Making Children Moral: Pornography, Parents, and the Public Interest

Arizona State Law Review 29 (Summer 1997). Reprinted in T. Campbell (ed.), International Library of Essays in Law and Legal Theory, 2nd Series (Dartmouth Publishing Co. and Ashgate Publishing Ltd., 2003).

On two occasions in October of 1965, Sam Ginsberg, proprietor of Sam’s Stationery and Luncheonette in Bellmore, New York, sold magazines containing photographs of nude women to a sixteen-year-old boy. Ginsberg was tried in state court and convicted of violating Section 484-h of the New York Penal Law, which prohibited the sale of pornographic materials to minors (defined by the statute as persons under seventeen years of age). His conviction was upheld by the relevant department of the Appellate Term of the New York Supreme Court, after which he was denied leave to appeal to the New York Court of Appeals. The Supreme Court of the United States heard the case on appeal and in April of 1968 affirmed Ginsberg’s conviction in an opinion by Justice William Brennan. 1 Justice John Marshall Harlan concurred in the judgment and joined the opinion of the Court. Justice Potter Stewart concurred in the result. Justice William O. Douglas, joined by Justice Hugo Black, dissented. Justice Abe Fortas also dissented.

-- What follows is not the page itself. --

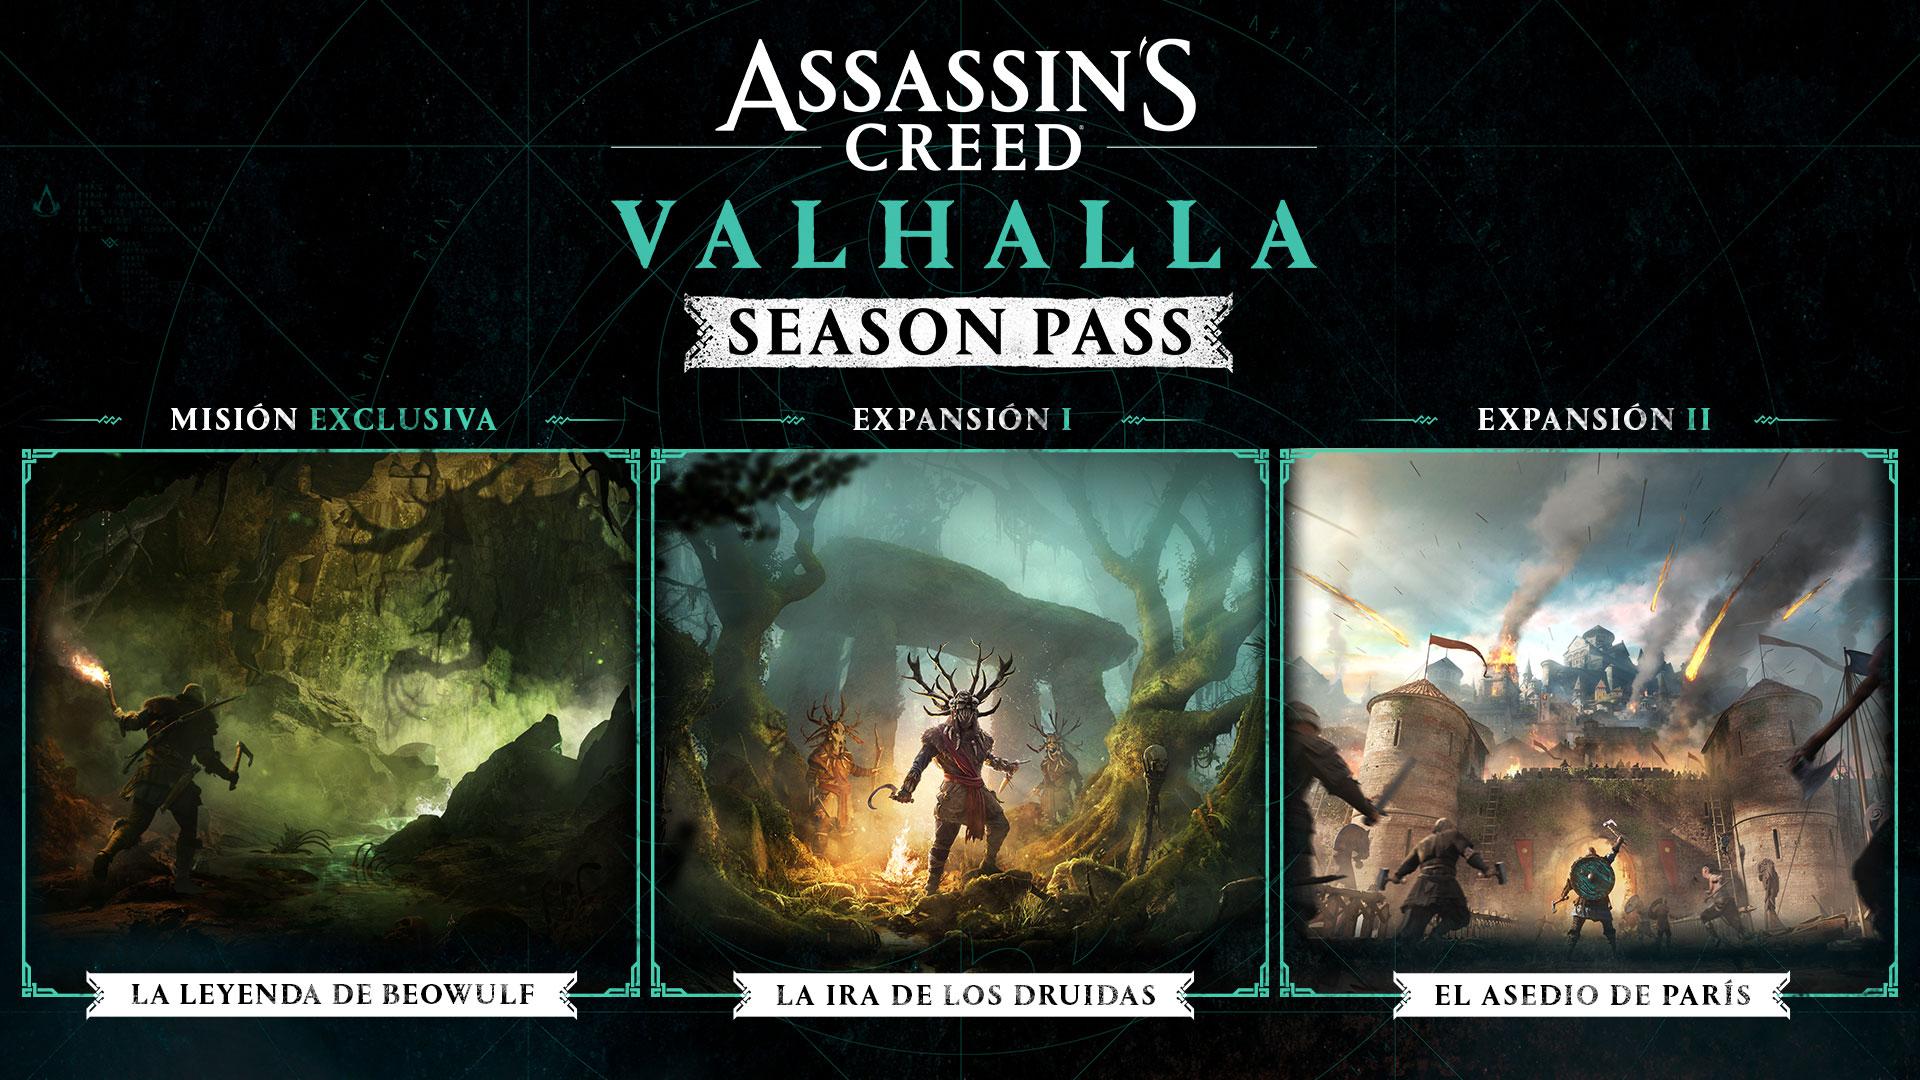 La Ira de los Druidas de Assassin's Creed Valhalla llega el 29 de abril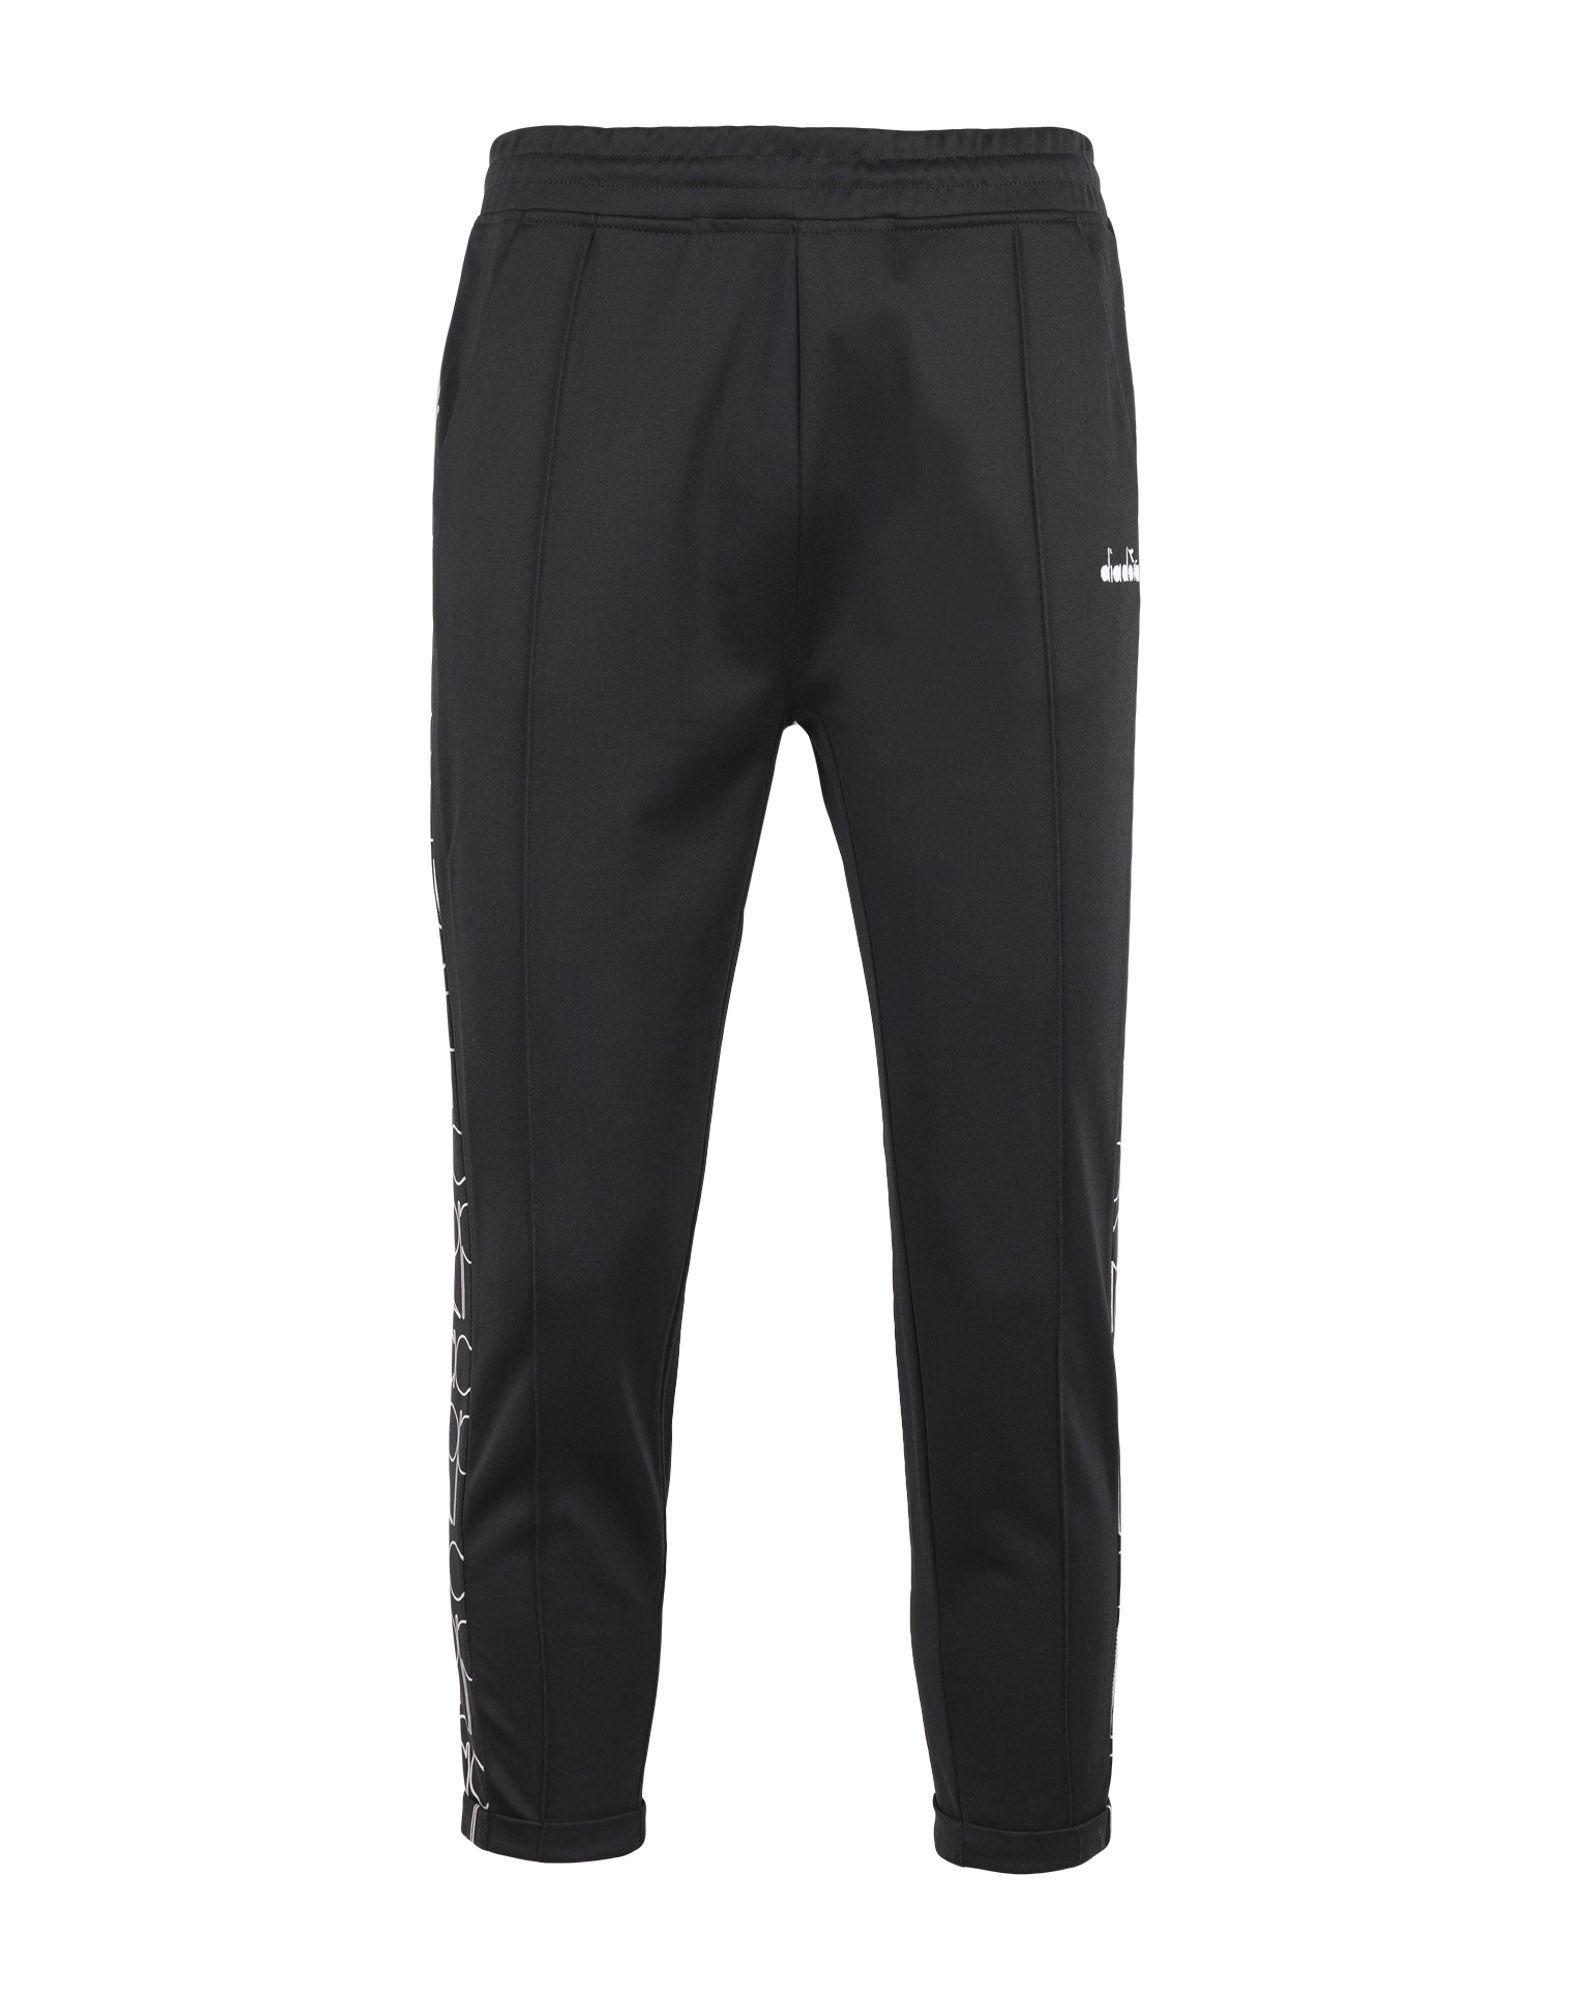 Pantalone Diadora Diadora Pant 80S Bold - uomo - 13243695EX  das beste Online-Shop-Angebot

Ginsberg argued that the New York law violated the First Amendment’s guarantee of freedom of expression. He did not challenge the authority of the state to ban obscene publications. (The Supreme Court has always held that obscenity-like defamation and certain other types of harmful and valueless expression-is outside the First Amendment’s protections of freedom of speech and the press.) Rather, he claimed that the New York law was unconstitutional on its face because it banned the sale (to minors) of non-obscene publications.